1. Hukuk Dairesi 2014/19235 E. , 2015/7753 K.
"İçtihat Metni"MAHKEMESİ : KUMLUCA 1. ASLİYE HUKUK MAHKEMESİ
TARİHİ : 24/01/2014
NUMARASI : 2002/450-2014/59
Taraflar arasında birleştirilerek görülen el atmanın önlenmesi, yıkım ve ecrimisil davası sonunda, yerel mahkemece, asıl davanın kısmen kabulüne; birleşen davanın kabulüne ilişkin olarak verilen karar, davalı S.. E.. vekili tarafından yasal süre içerisinde temyiz edilmiş olmakla, Tetkik Hakimi arafından düzenlenen rapor okundu, düşüncesi alındı. Dosya incelenerek gereği görüşülüp düşünüldü:
-KARAR-
Asıl dava, el atmanın önlenmesi ve yıkım; birleşen dava ise, ecrimisil isteklerine ilişkin olup,Mahkemece, asıl davanın kısmen kabulüne, birleşen davanın kabulüne karar verilmiştir.
Hüküm, davalılardan S.. E.. vekili tarafından temyiz edilmiştir.
Dosya içeriğine, toplanan delillere, hükmün dayandığı yasal ve hukuksal gerekçeye ve özellikle delillerin takdirinde bir isabetsizlik bulunmamasına göre; davacıların kayden paydaşı oldukları çekişme konusu 88 parsel sayılı taşınmazın 245,49 m2lik bölümüne davalı Salih"in portakal ağaçları dikmek suretiyle müdahale ettiği saptanmak suretiyle, asıl davada el atmanın önlenmesine ve yıkıma karar verilmiş olmasında bir isabetsizlik yoktur.

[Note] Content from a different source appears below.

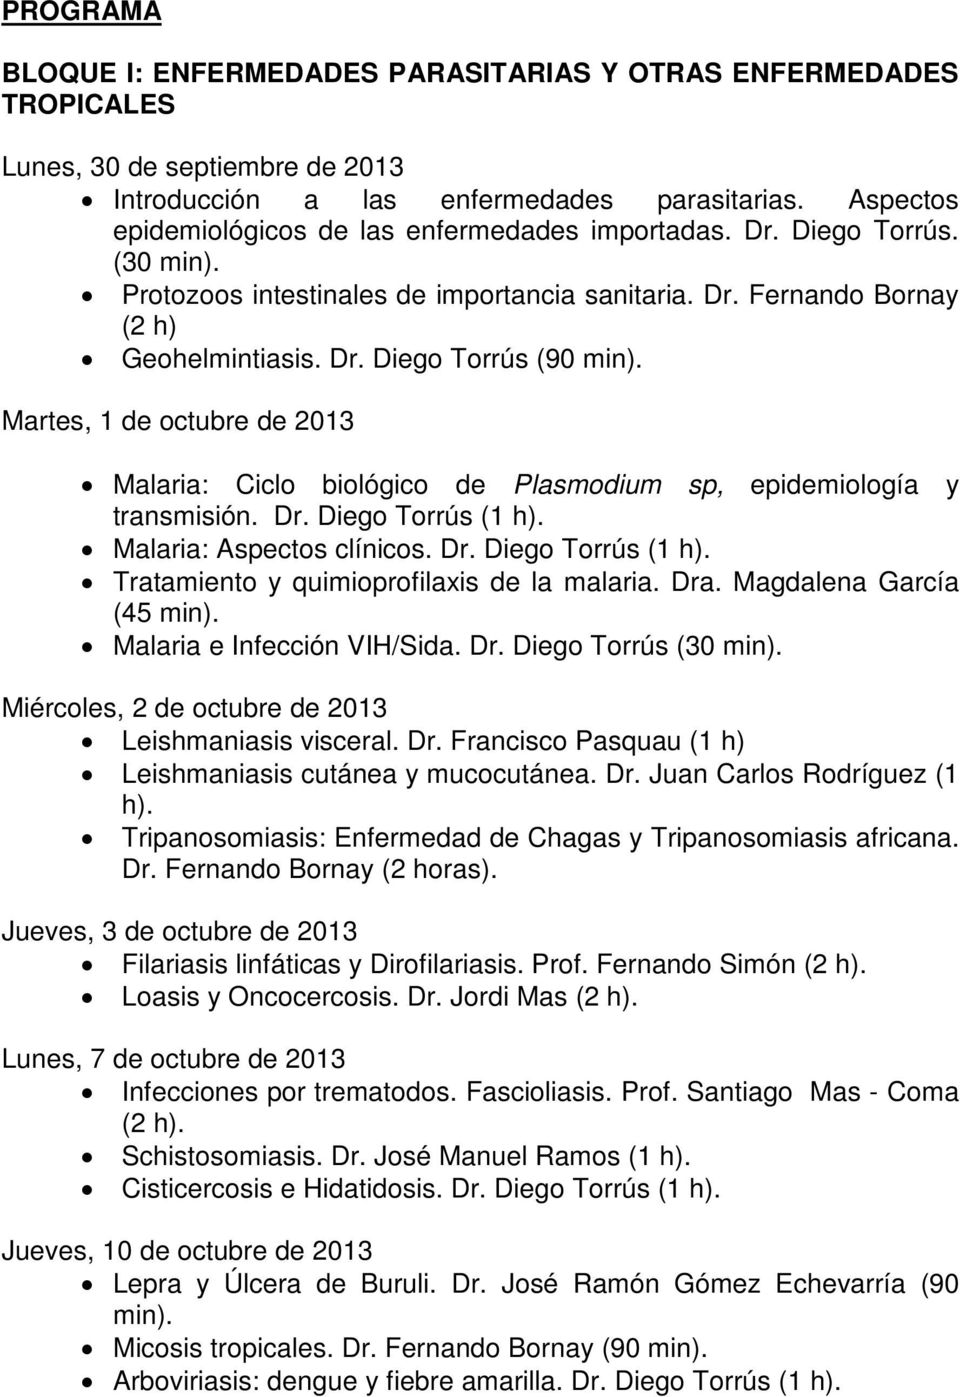 Martes, 1 de octubre de 2013 Malaria: Ciclo biológico de Plasmodium sp, epidemiología y transmisión. Dr. Diego Torrús (1 h). Malaria: Aspectos clínicos. Dr. Diego Torrús (1 h). Tratamiento y quimioprofilaxis de la malaria.

Davalı Salih vekilinin bu yöne değinen temyiz itirazı yerinde değildir, reddine.
Birleşen ecrimisil davasına yönelik temyiz itirazlarına gelince; bilindiği üzere ecrimisil, kötüniyetli zilyedin geri vermekle yükümlü olduğu bir şeyi haksız olarak alıkoyması nedeniyle kayıt malikine ödemekle yükümlü olduğu en azı kira geliri, en çoğu ise mahrum kalınan gelir kaybı olan bir tür haksız kullanım tazminatıdır.
Somut olayda, dava konusu 88 parsel sayılı taşınmaz ile davalı Salih"in kullandığı 105 parsel sayılı taşınmaz arasında kesik tabir edilen su tahliye kanalının fiili sınır olarak uzun yıllardır mevcut olduğu, bu sınıra göre, davalı Salih"in davaya konu alanı yaklaşık 25 yıl süreyle kullandığı, üzerinde 25 yıllık portakal ağacının bulunduğu anlaşılmaktadır.
Bu kadar uzun süreli kullanımın, zımni muvafakat yönünde “fiili karine” oluşturacağı ve bu karinenin aksi ispatlanmadıkça, ecrimisil istenmesinin, Türk Medeni Kanunu"nun 2. maddesinde yer alan dürüstlük kuralına aykırılık teşkil edeceği açıktır.
O halde, davaya konu 88 parsel sayılı taşınmazda 245,49 m2 lik tecavüzlü kısmın davalı Salih tarafından kullanılmasına uzun süre ses çıkarmayan davacıların, bu kullanıma zımnen muvafakat ettikleri, davacıların, eldeki davayı açtıkları tarihe kadar muvafakatin geri alındığını kanıtlayamadıkları, diğer bir anlatımla, dava açılmakla muvafakatin geri alındığı gözetildiğinde, davalı Salih"in ecrimisilden sorumlu tutulamayacağı kabul edilmelidir.
Hal böyle olunca, ecrimisil isteği ile açılan birleşen davada, davalı Salih yönden davanın reddine karar verilmesi gerekirken, kabulü yönün de hüküm kurulmuş olması doğru değildir.
Davalı Salih vekilinin bu yöne ilişkin olarak temyiz itirazları yerindedir. Kabulü ile, hükmün açıklanan nedenden ötürü (6100 sayılı Yasanın geçici 3.maddesi yollaması ile) 1086 sayılı HUMK"un 428.maddesi gereğince BOZULMASINA, alınan peşin harcın temyiz edene geri verilmesine, 27.05.2015 tarihinde oybirliğiyle karar verildi.